The authors conclude the chapter by listing eight
factors that seem to be correlated with higher test scores and eight
factors that are not. In looking at the 16 factors, the authors write: "To overgeneralize a bit, the first list describes things that parents are, the second list describes things that parents do." (emphasis added) Let's take a closer look. Here are the eight factors that are correlated with higher test scores, with
my strikethrough on those that do not seem to fit their description:
- The child has highly educated parents
- The child's parents have high socioeconomic status
- The child's mother was thirty or older at the time of her first child's birth
The child had low birthweightThe child's parents speak English in the homeThe child is adoptedThe child's parents are involved in the PTAThe child has many books in his home
I think I am being quite generous here by counting education as something parents "are" rather than something parents "do" (and the same might be said for "high socioeconomic status," which is often dependent on effort rather than status), but even giving them that one, it seems pretty clear that their "overgeneralization" isn't much of a generalization at all, but a distortion.
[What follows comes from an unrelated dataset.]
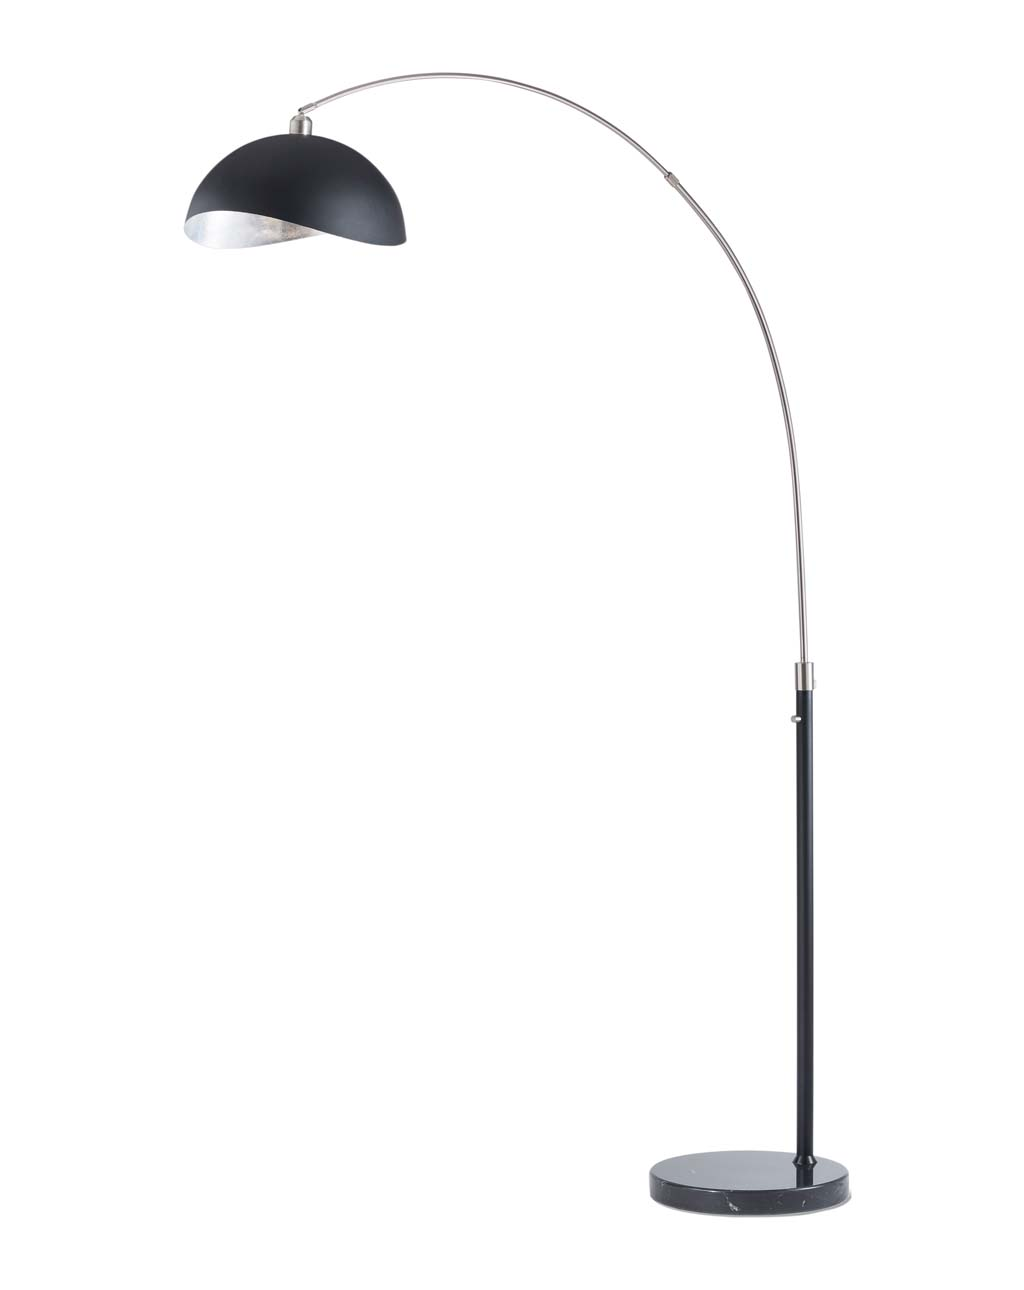 Luna Bella Arc Lamp, Brushed Nickel

To be sure, the list of uncorrelated factors is all about things parents do, but that only tells us that many things we do are not likely to influence test scores. No big surprise there. The main point the authors are trying to make is that child-rearing "technique looks to be highly overrated." Perhaps that is true, at least when the only thing you measure is test scores.
Cross-posted at Times & Seasons.
UPDATE: It occurred to me last night that the three things parents "are" from my list really could be presented as three things parents "do." I noted that fact about education and socioeconomic status, but it is also true of waiting until the age of 30 to have your first child. If you add all of those things to the others that parents can "do" to improve test scores -- namely, speak English in the home, get involved in the PTA, and buy books for the home -- then you have a list of six things that parents can do to affect test scores positively. Had the authors wanted that to be their conclusion, it seems like it would have been pretty easy.